Pictures excluded, output the lines of the data below between the one holding "География 7 класс" and the one holding "Sophia Pomegranate Juice", inclusive, exactly as they stand.

- Records supplied -
####
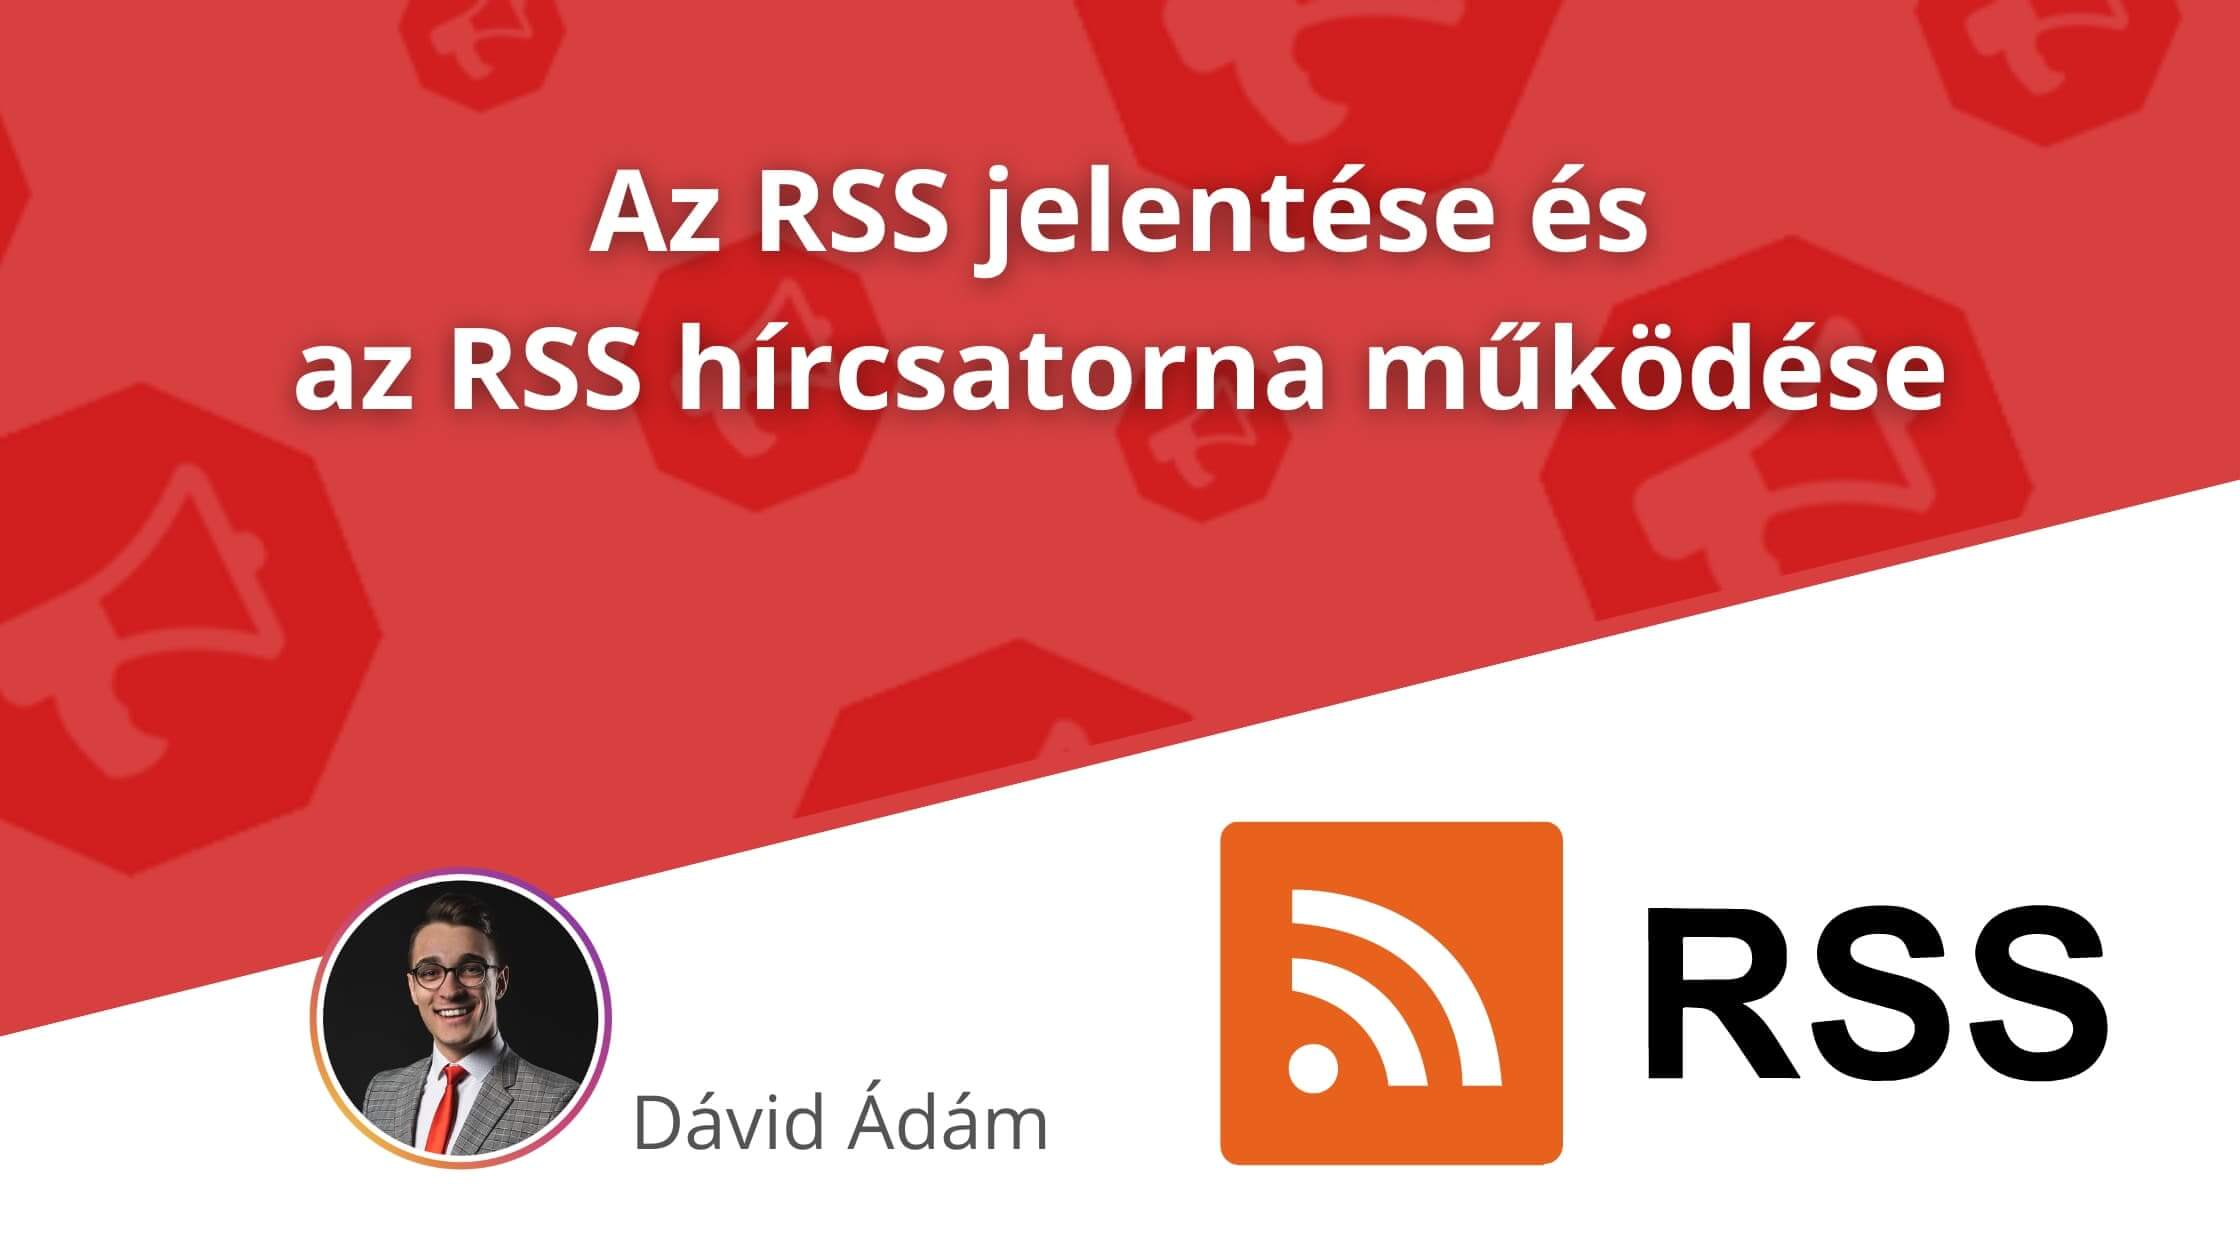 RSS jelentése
####
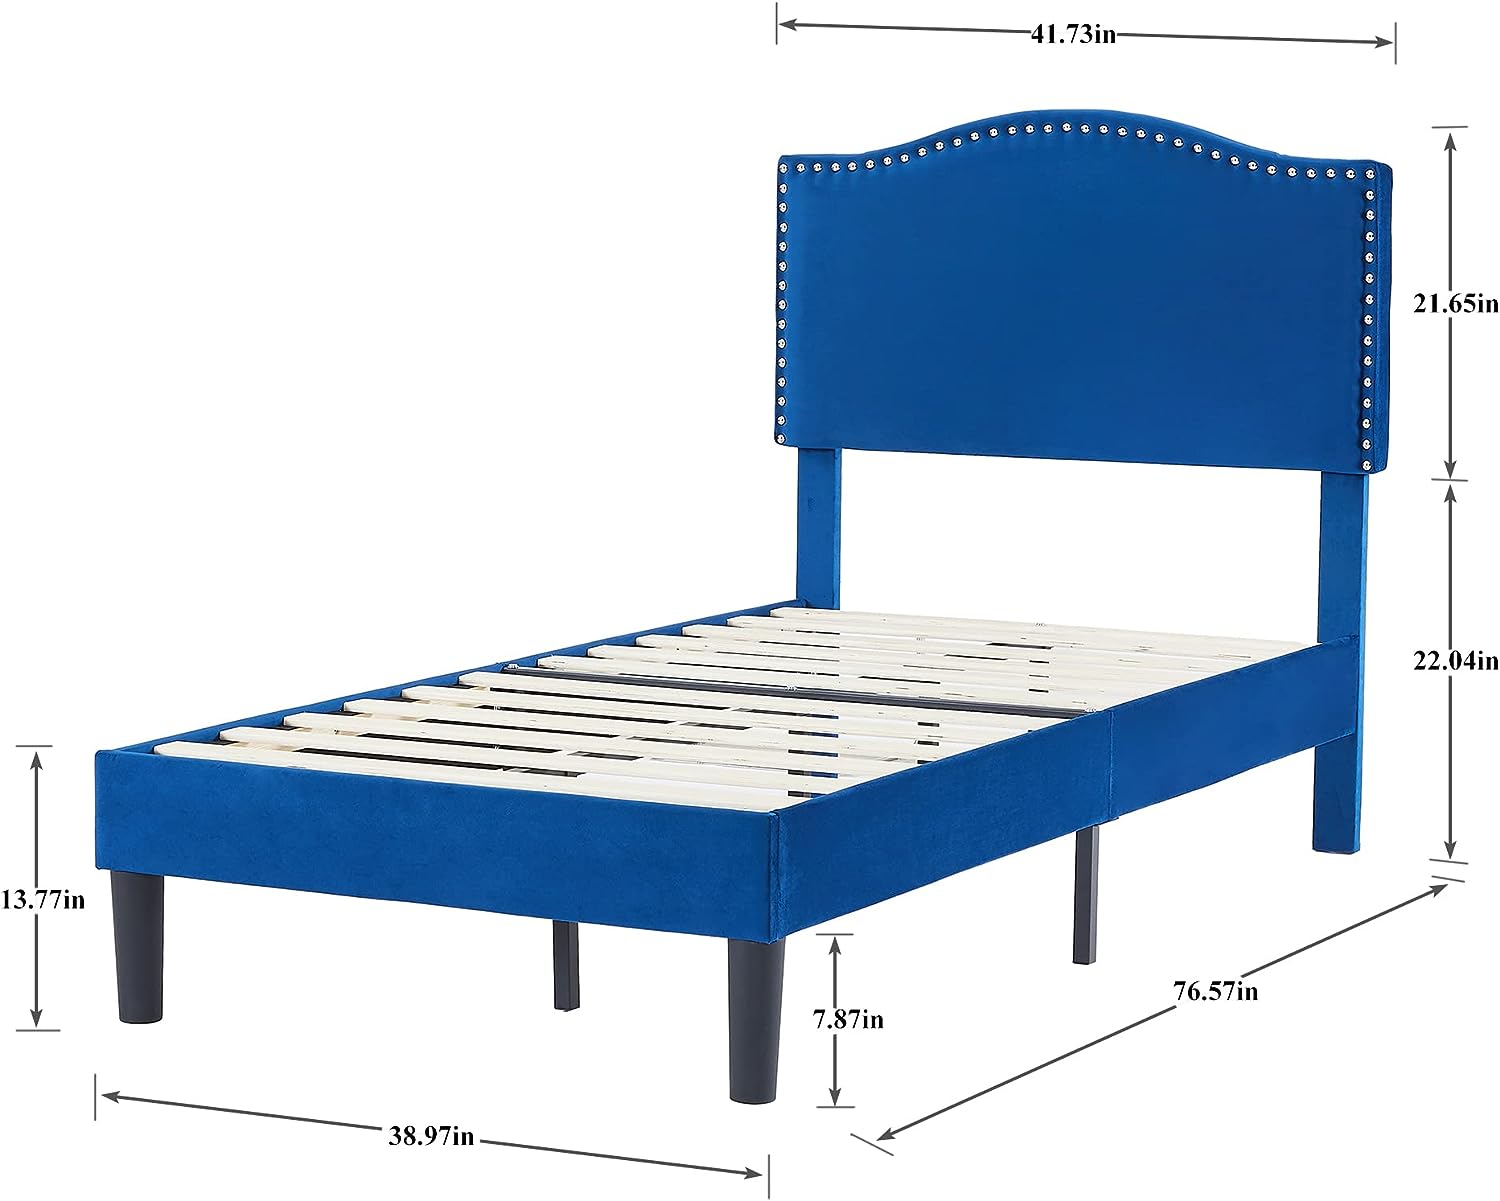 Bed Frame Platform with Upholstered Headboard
####
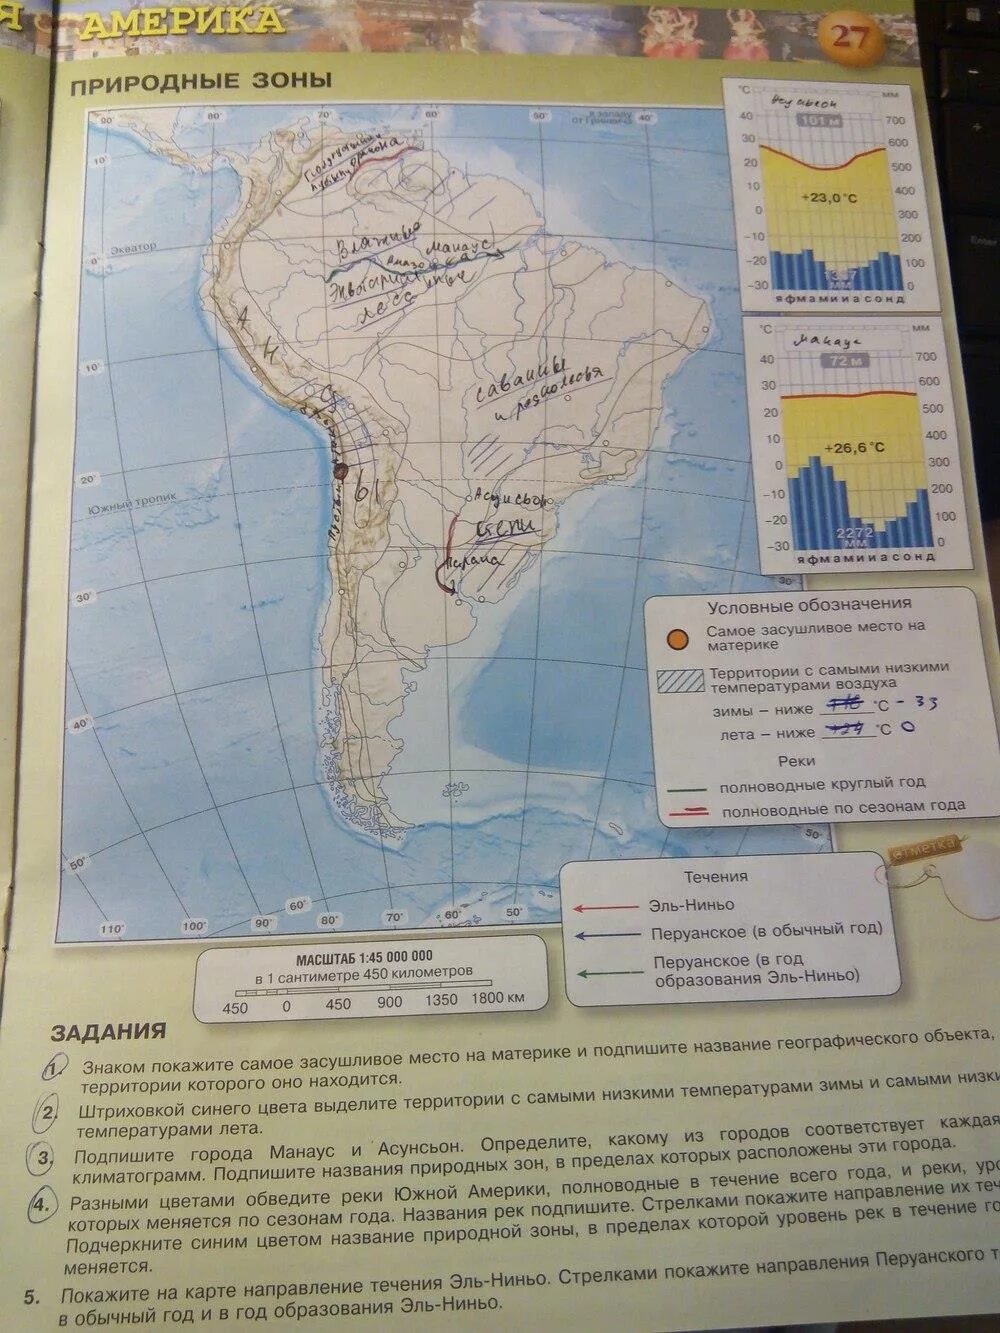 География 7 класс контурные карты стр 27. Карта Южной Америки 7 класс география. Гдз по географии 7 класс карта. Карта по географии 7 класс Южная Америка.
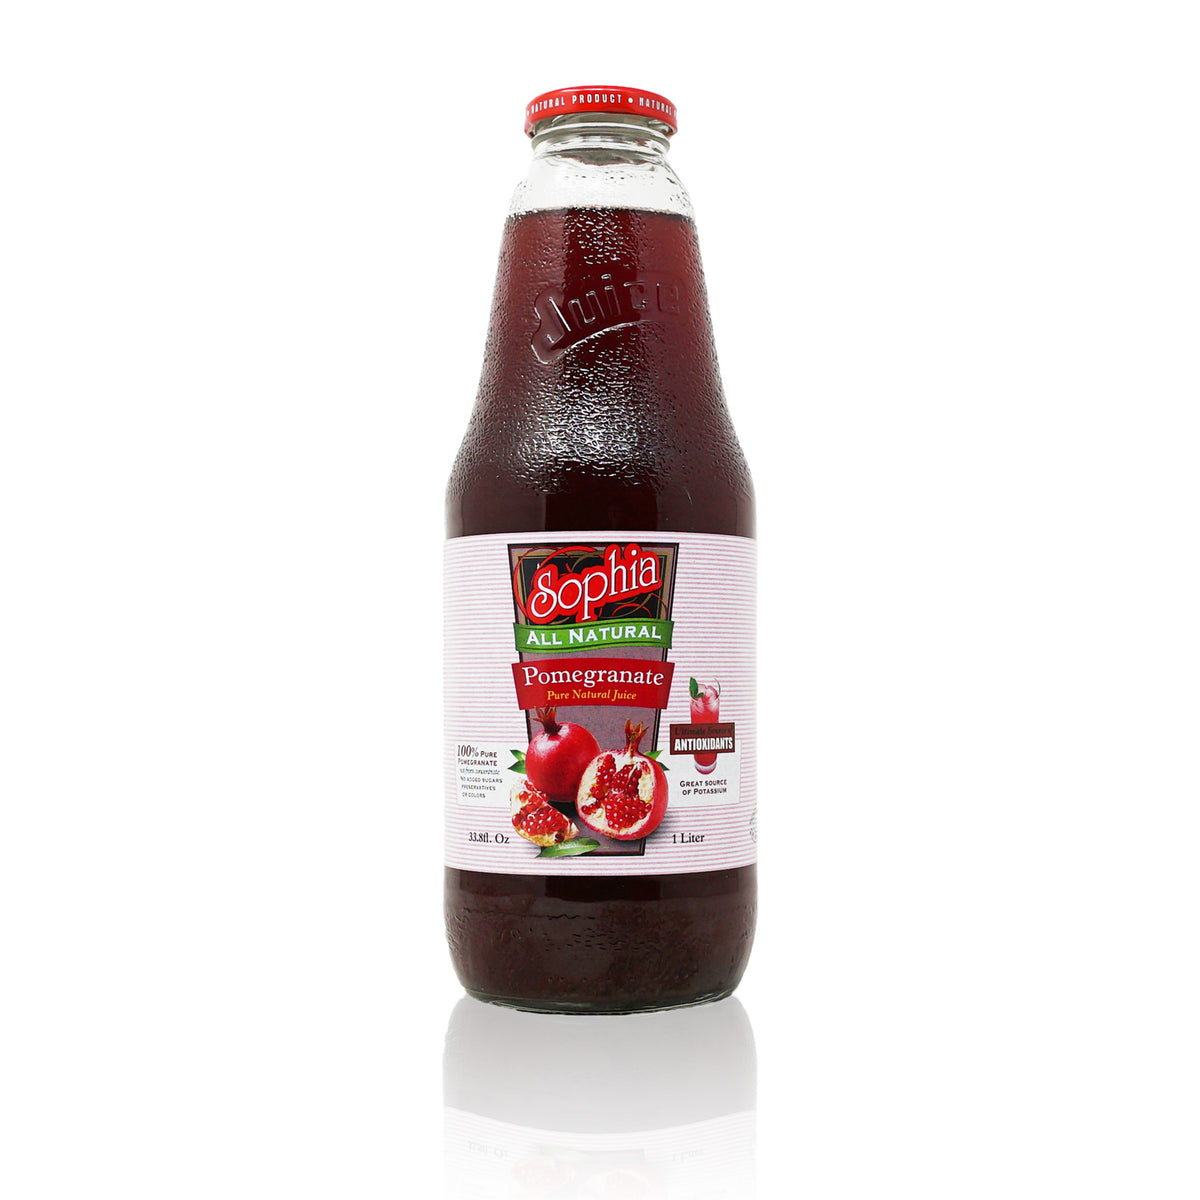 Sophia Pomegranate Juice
####
- Answer section -
 География 7 класс контурные карты стр 27. Карта Южной Америки 7 класс география. Гдз по географии 7 класс карта. Карта по географии 7 класс Южная Америка.
 Sophia Pomegranate Juice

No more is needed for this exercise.